She's just bitter because she lost all the weight only to discover she doesn't have a pretty face after all.
I just used a tire swing as a toilet. I think I'm gonna pass out here so I can see the look on the first kid who uses it in the morning.
i have a dinosaur tramp stamp
We're gonna have the chick that teaches kindergarteners to fold origami roll the joints.
I walked in and she was kneeling on the ground with no pants on, throwing up, and holding the puppy. It was one of those moments, where i was like damn i wish i had my camera.
I'm supposed to be maturing, but no instead I'll be shitting my pants in Delaware for my 30th.
Hahahaha nah you won't shit your pants - but you will fully try mushrooms.
We were coming but I found wine on my way out the door.
I realize designer coke was a douchey thing to say but the point of the story is I did bath salts
A guy just grabbed my balls before he shook my hand because he thought he knew me.
conclusion from last night: i should wear boob glitter more often
Well, I wish you luck on finding out who your boyfriend is
Ohhh the usual.
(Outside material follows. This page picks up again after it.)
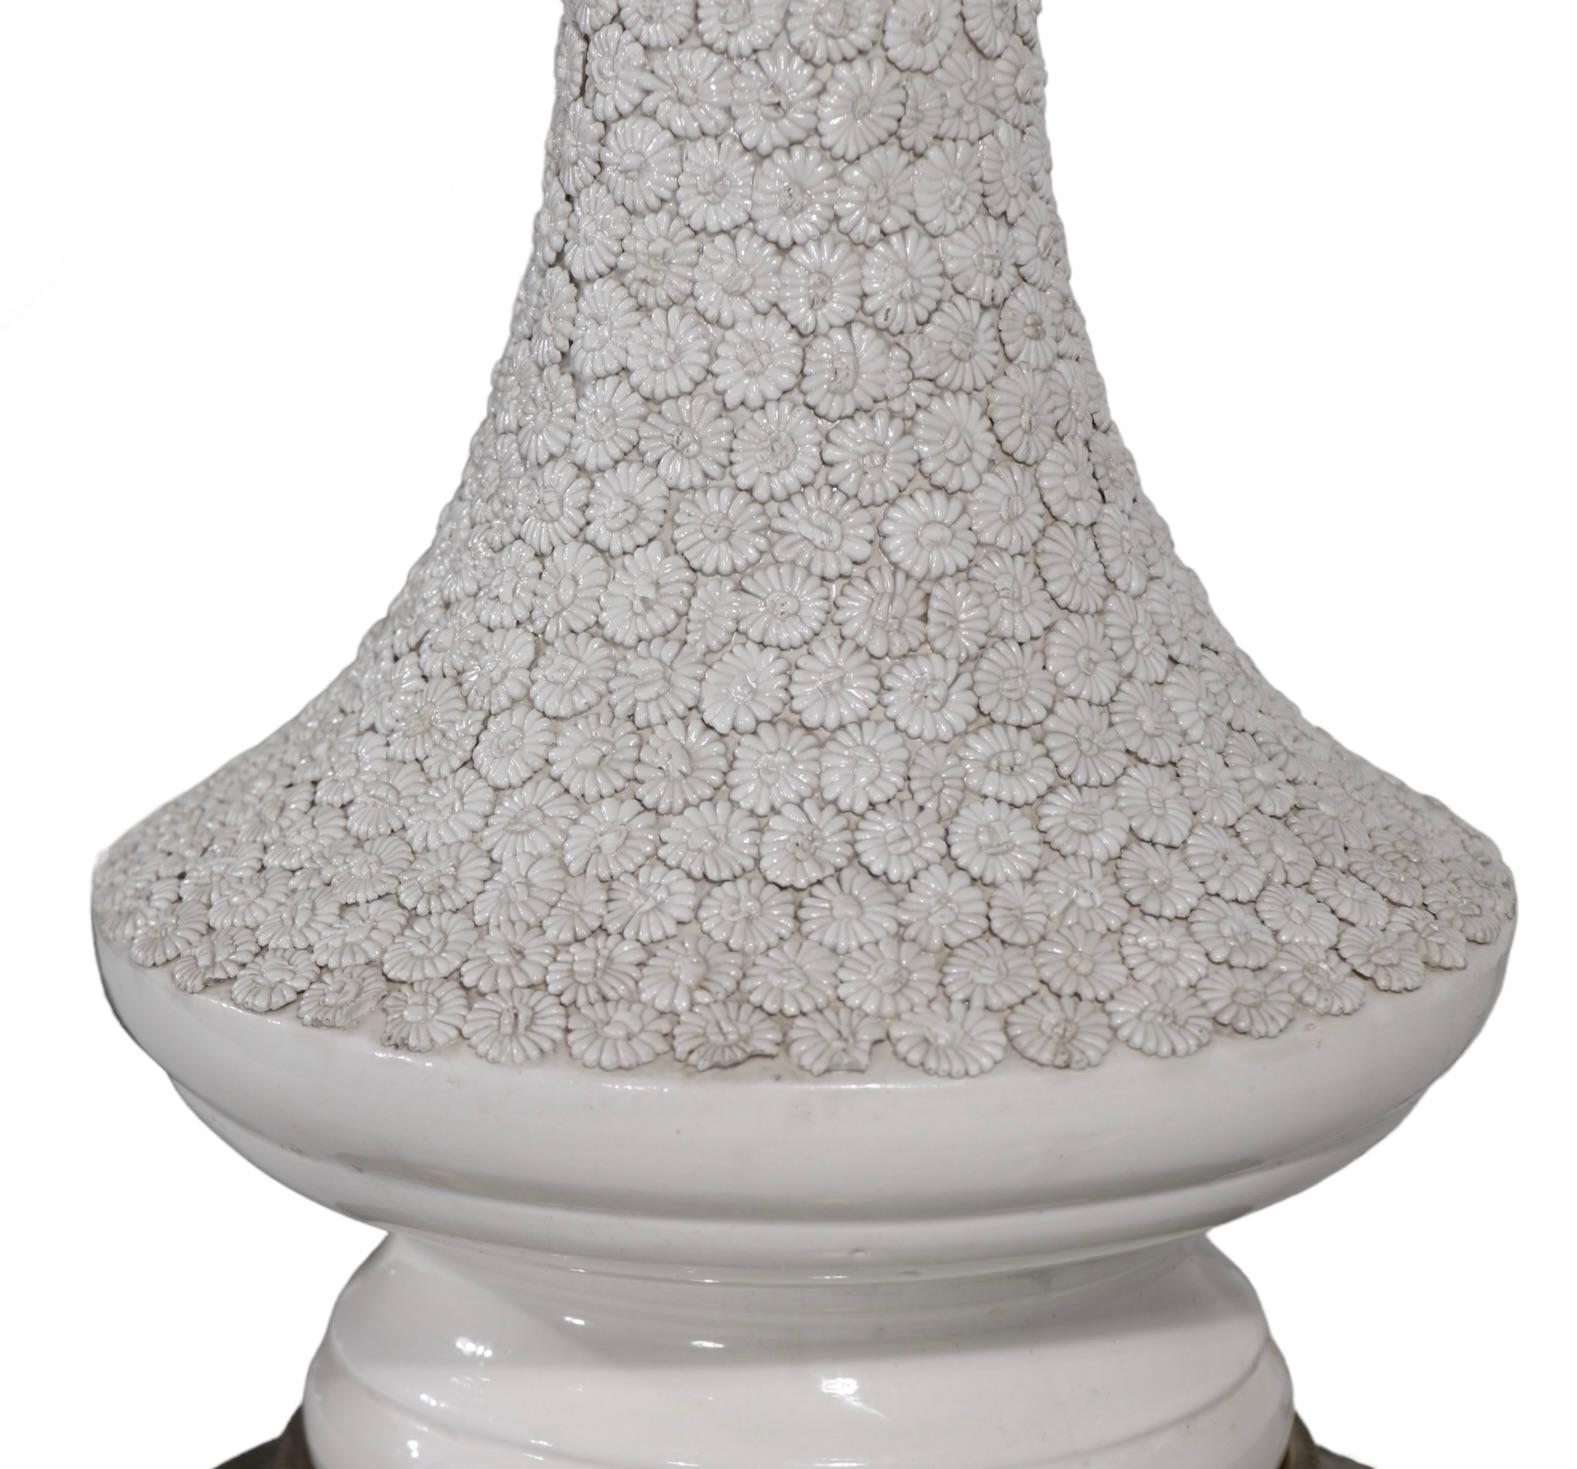 Pr. Decorative Blanc de Chine Style Table Lamps by Paul Hanson c 1960's For Sale 11

Laying in bed reflecting on my decisions
I guess I can check "drink alone in the dark" off my bucket list
I came home in someone else's underwear this morning
Atleast you got a souvenir
Officially hit an ultimate low today. I was so hung-over I threw up on the ground in front of the jousting display in the London tower. But on a positive note, Brits are very understanding when you vomit on their history.